Settlements returns to the core values of Horizons and expands them. Crafting and property are the main features he was willing to discuss.

“[We want to] further differentiate the product on the strengths of the product,” he said.

One of the things they’re doing is a completely free-form decoration system. Players will be able to craft furniture and decorations and place them wherever they want inside their houses. Don’t like the chair there? Move it a little to the left. As long as you keep it indoors – Bowman wishes to avoid garage sales on front lawns – you can do whatever you want.

Another addition is gardening. Their game is all about resources and crafting, so why not move that into the property system and let people produce their own resources? This, combined with the planned expansion of food, will allow people to be farmers, decorative gardeners, etc.

Before the expansion, they’re hoping to increase the value of food as well. Currently food modifies the timer on the death penalty. Unfortunately, ambrosia nullifies it entirely. As such, David suggested they may completely remove the supply of ambrosia – so start hoarding now.
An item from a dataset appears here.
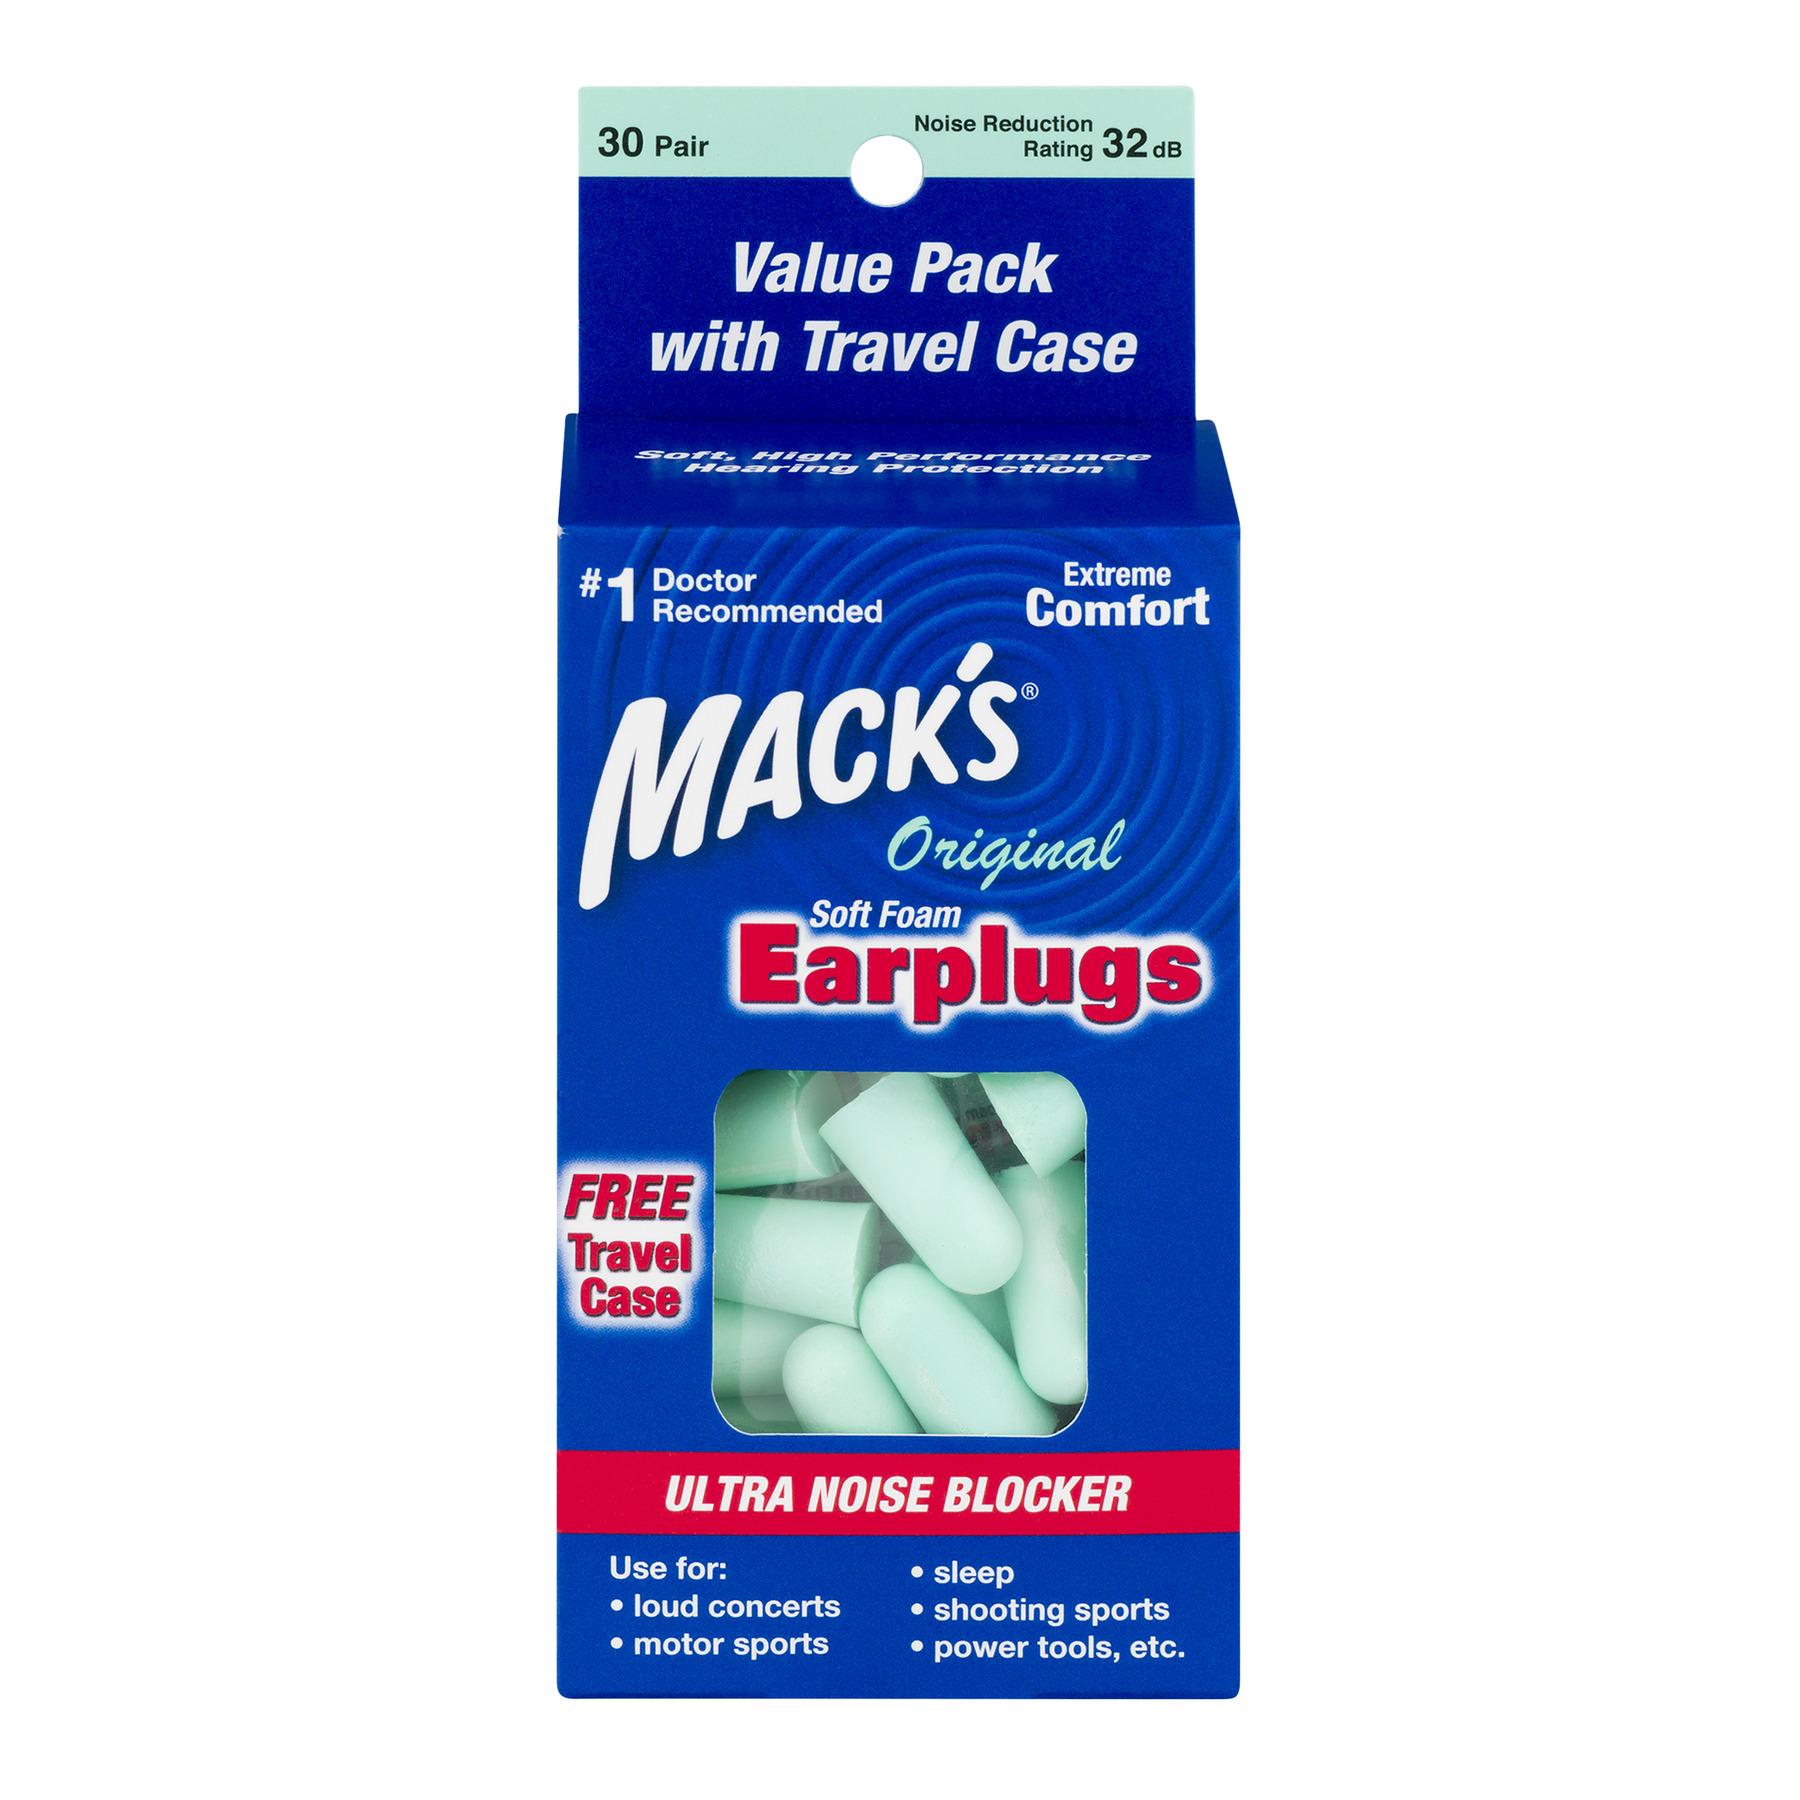 Mack's Original Soft Foam Earplugs 30 Pair

As such, food and cooking will become more important.

“Dragon lairs rock,” Bowman said emphatically. This ties into their next expansion of racial style housing. Dryads and Dwarves will be able to build houses in their own unique style. Rather than a 2D plot that most bipeds can buy now, the Dwarves and Dryads get 3D plots. The Dryads build up into trees and the Dwarves down into the earth. This, combined with new art, should create a dramatic variety in the player created urban areas.
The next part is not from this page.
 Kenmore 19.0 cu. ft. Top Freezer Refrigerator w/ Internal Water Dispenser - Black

David is also excited about companion animals; he refuses to call them pets, as that carries associations with what other MMORPGs have done. At E3, he had three types to discuss: familiars, guardians and pack animals.

Familiars do not personally do anything. They’re a pet you select that empowers you to do special things when they are with you.

Guardians are AI driven animals with their own personalities. Thus, you need to be careful. Low level aggressive creatures will attack anything that moves, something that can get you killed. Other types include monsters that only attack when you’re attacked, only when you’re group is attacked, etc. These creatures cannot be controlled, only go with you and do what they feel they should.

Pack animals are a more mundane way to help crafters carry large amount of goods. Think flying cargo disks, but slightly different.

“The expansion is not limited to this, but we do know [that we can do all of this] today, so we’re not making any promises beyond what is listed,” said David Bowman at the end of the interview. He clearly in this regard has learned a lesson from the history of Horizons.

David Bowman looked like a man who had finally turned a corner. He was excited and full of life. Now, he wants to make sure his game can follow him.